MS (EI): m/e (% relative
intensity) = 430.3(5) [M+],
273.2(100); m/e calcd
for C27H30N2O3: 430.2256.
Ffound: 430.2234.
Pyran 22 [C6-epimer]:
Rf = 0.35 (50% EtOAc
in hexanes). 1H NMR (500 MHz, CDCl3): δ = 0.80
(d, J = 7.0
Hz, 3 H), 1.03 (d, J = 6.0
Hz, 3 H), 1.15 (ddd, J = 3.0,
5.0, 12.0 Hz, 1 H), 1.67 (dd, J = 12.0, 23.0 Hz, 1
H), 2.46 (m, 1 H), 2.81 (s, 3 H), 3.51 (ddd, J = 3.5,
5.0, 10.5 Hz, 1 H), 3.79 (dq, J = 6.5, 8.5
Hz, 1 H), 4.69 (d, J = 8.5
Hz, 1 H), 5.37 (d, J = 9.0
Hz, 1 H), 5.45 (d, J = 3.0
Hz, 1 H), 7.20-8.25 (m, 12 H). 13C
NMR (75 MHz, CDCl3): δ = 167.6, 136.9,
134.9, 133.2, 128.6, 128.5, 128.3, 127.9, 127.8, 127.4, 125.6, 125.3,
125.1, 122.8, 90.9, 80.1, 68.4, 60.7, 55.7, 35.0, 32.2, 29.6, 28.5, 16.0,
14.5 (missing 2 peaks).
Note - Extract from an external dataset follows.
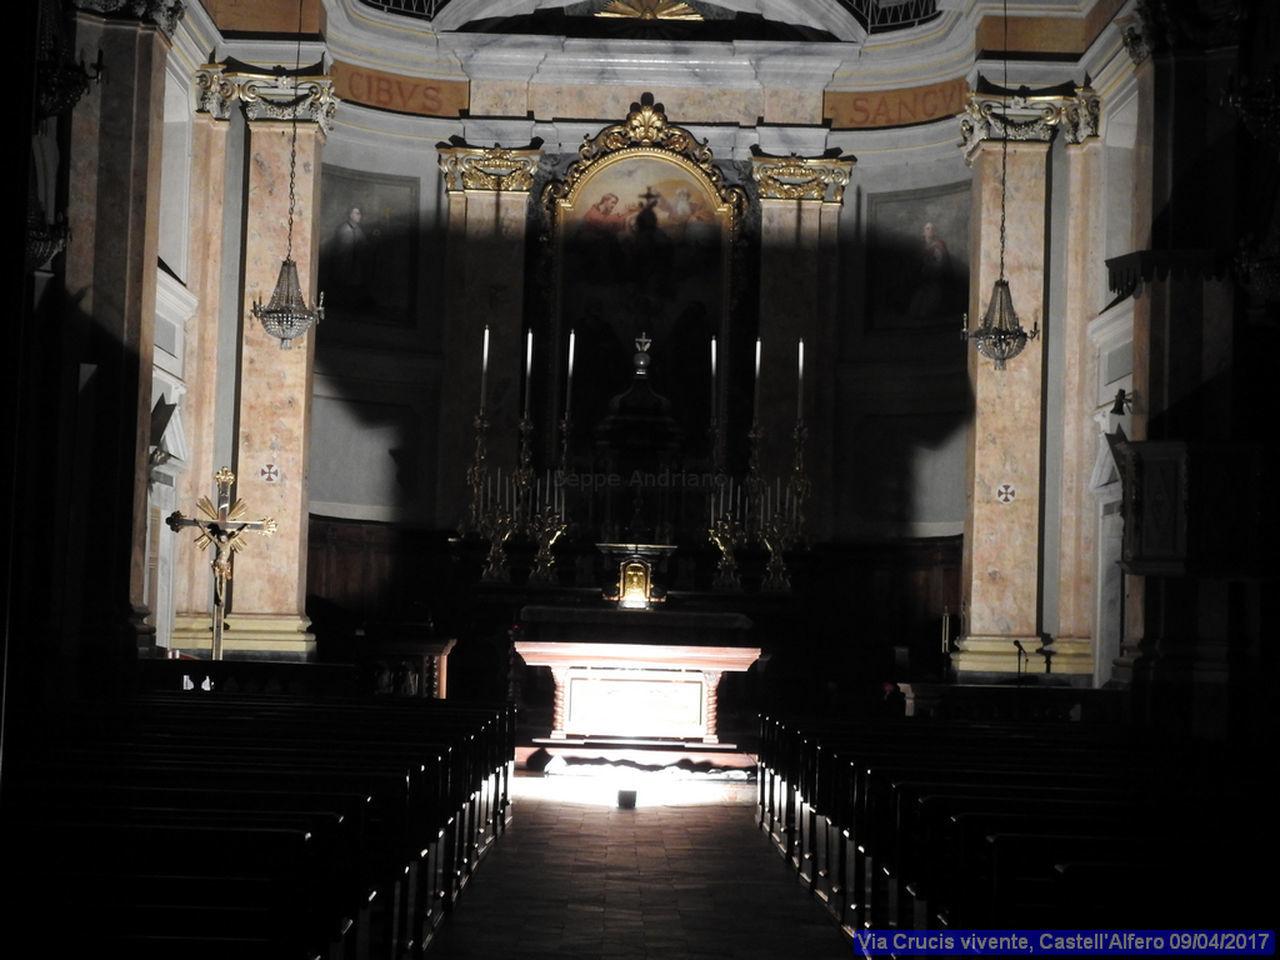 #religion #viacrucisvivente #viacrucis #castellalfero #italy #monferrato #unesco #asti #pedement Arts Culture And Entertainment Place Of Worship Religion

MS (EI): m/e (% relative intensity) = 430.3
(5) [M+], 273.2 (100); m/e calcd
for C27H30N2O3: 430.2256.
Found: 430.2232.
When substituents at C5 and C6 are trans in these pyranyl heterocycles, we observed strong NOE (see pyrans 21 and 22) between protons at C2 and C3 presumably because these two protons are not necessarily locked in a diaxial relationship unlike those in 20.